1.1 Computational Graph Model: G = (V, E, H)

Every simulation in Phynexis is represented as a computational graph:

Component	Symbol	Meaning	Example
NodeSet	V	Physical entities	Particles, walls, FEM nodes
EdgeSet	E	Pairwise interactions	Contacts, bonds, repulsion forces
HyperEdgeSet	H	Multi-node elements	FEM tetrahedra, constraints

This graph is pure structure — it contains no simulation logic. All physics is implemented as operators that read and mutate the graph. This separation makes the framework domain-agnostic: the same graph infrastructure serves DEM (particles + contacts), FEM (nodes + elements), and hybrid simulations.

1.2 Phase-Based Operator System

Simulation execution is not hard-coded as a sequence of function calls. Instead, it is an operator pipeline:

Simulator.step():
  for phase in pipeline:
    for operator in operators_for(phase):
      operator.execute(phase)

Each operator registers which phases it cares about. The pipeline is a configurable VecX<PhaseId>. Domain-specific modules can insert custom phases (e.g., MPI exchange, contact model resolution) without modifying the core framework.

1.3 Pure Data Container, Logic in Operators

ComputationalGraph, NodeSet, EdgeSet, and HyperEdgeSet are data containers only. They own FieldManagers for SoA storage, IdPools for ID allocation, and ShapeStores for geometry catalogs — but they know nothing about gravity, contact forces, or time integration.

All simulation logic lives in operators (Integrator, Gravity, RepulsionForce, MpiExchanger, etc.). This is the Strategy pattern at the framework level: parsim provides the stage, operators perform the play.

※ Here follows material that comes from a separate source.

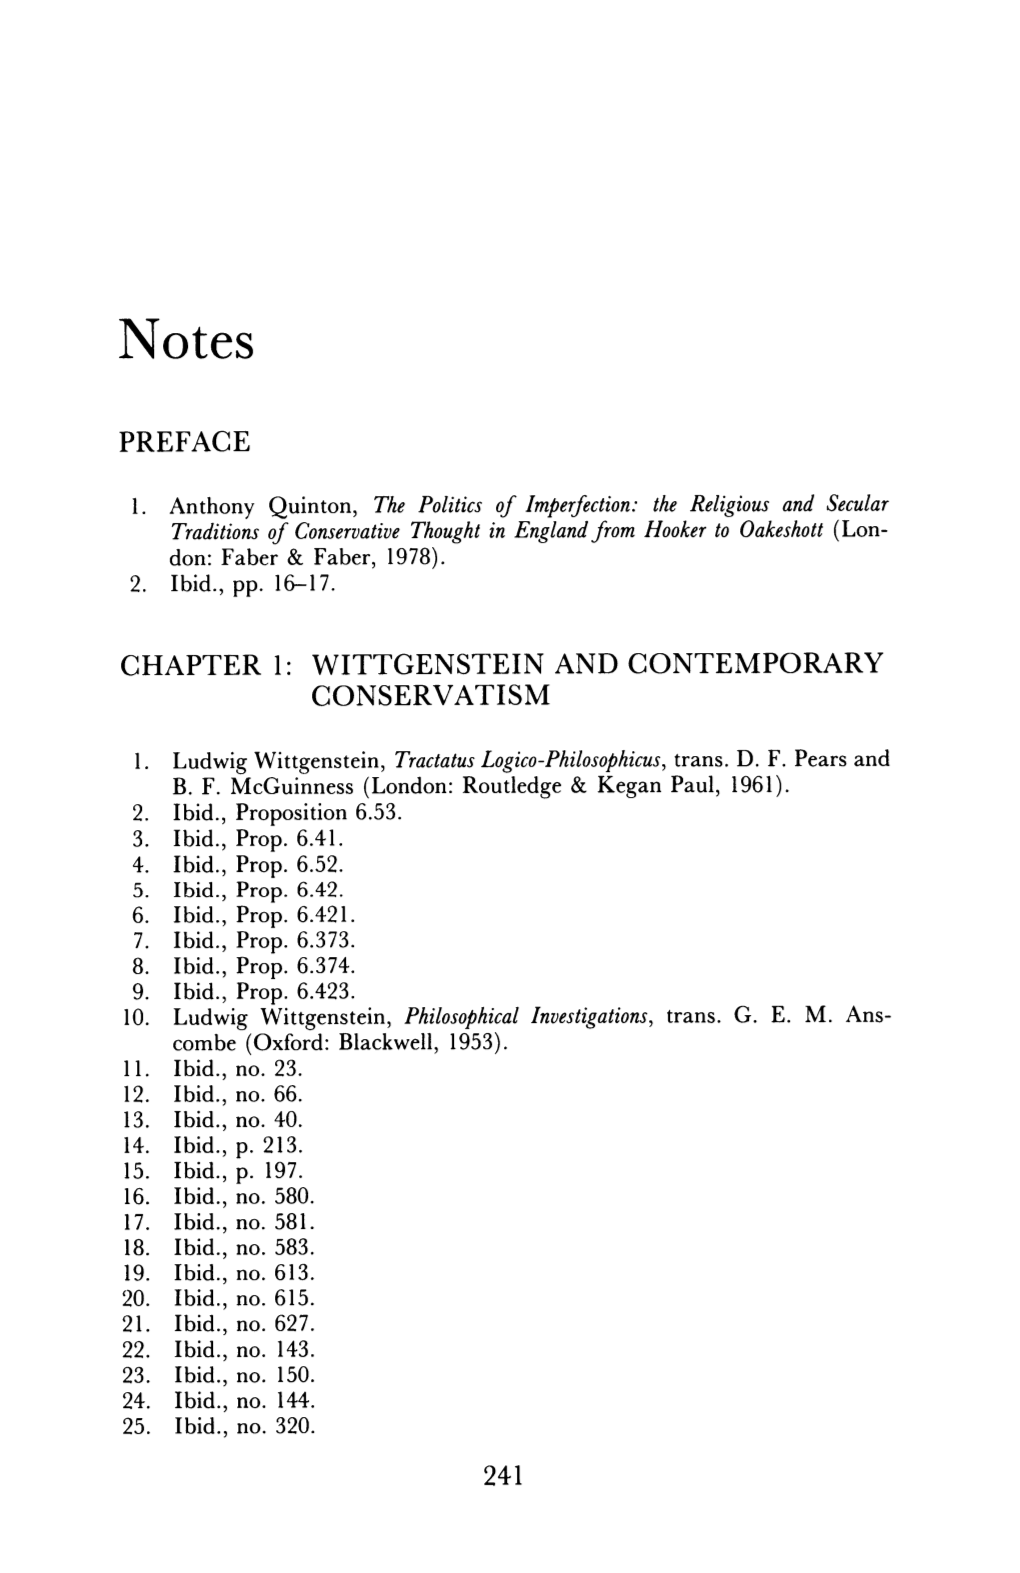 Preface Chapter 1: Wittgenstein and Contemporary Conservatism

1.4 Deferred Initialization

Simulator uses a deferred initialization pattern to allow domain-specific derived classes to inject their own Context and Solver types:

class Simulator {
  Simulator(DeferredSimulatorInit);  // base ctor: no bootstrap
  virtual void init();               // virtual: derived class overrides
protected:
  virtual Context* create_context() = 0;  // netdem::Scene, netfem::MeshContext, etc.
  virtual Solver* create_solver() = 0;    // DEMSolver, FEMSolver, etc.
};

netdem::Simulator derives from parsim::Simulator and overrides create_context() to return a Scene (a Context with DEM-specific resources like contact model tables). The base class cannot know about Scene — deferred initialization breaks the circular dependency.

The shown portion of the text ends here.